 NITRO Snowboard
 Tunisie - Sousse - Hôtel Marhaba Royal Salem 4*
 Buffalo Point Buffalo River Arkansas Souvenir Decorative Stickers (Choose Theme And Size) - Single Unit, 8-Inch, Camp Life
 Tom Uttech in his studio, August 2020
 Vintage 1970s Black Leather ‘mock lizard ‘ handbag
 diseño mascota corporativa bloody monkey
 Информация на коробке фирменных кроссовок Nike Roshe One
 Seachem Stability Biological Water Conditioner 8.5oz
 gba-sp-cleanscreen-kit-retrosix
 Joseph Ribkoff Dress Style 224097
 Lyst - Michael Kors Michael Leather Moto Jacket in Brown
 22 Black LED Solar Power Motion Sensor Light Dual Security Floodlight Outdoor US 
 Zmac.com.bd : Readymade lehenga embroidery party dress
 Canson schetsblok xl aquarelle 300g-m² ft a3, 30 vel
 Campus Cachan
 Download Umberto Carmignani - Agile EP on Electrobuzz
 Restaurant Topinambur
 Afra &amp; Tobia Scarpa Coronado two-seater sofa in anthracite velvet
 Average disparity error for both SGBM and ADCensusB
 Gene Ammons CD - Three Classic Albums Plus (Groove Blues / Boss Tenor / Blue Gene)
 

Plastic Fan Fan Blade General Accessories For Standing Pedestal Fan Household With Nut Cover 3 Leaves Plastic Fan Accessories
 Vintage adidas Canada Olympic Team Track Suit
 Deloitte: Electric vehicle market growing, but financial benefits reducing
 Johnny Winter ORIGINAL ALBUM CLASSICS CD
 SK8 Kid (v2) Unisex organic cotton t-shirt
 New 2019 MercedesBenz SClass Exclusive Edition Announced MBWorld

------------------------------------------------

:: What to produce ::
Within this listing, how many lines hold "Leather"? Give the number alone.

:: Solution for this problem ::
2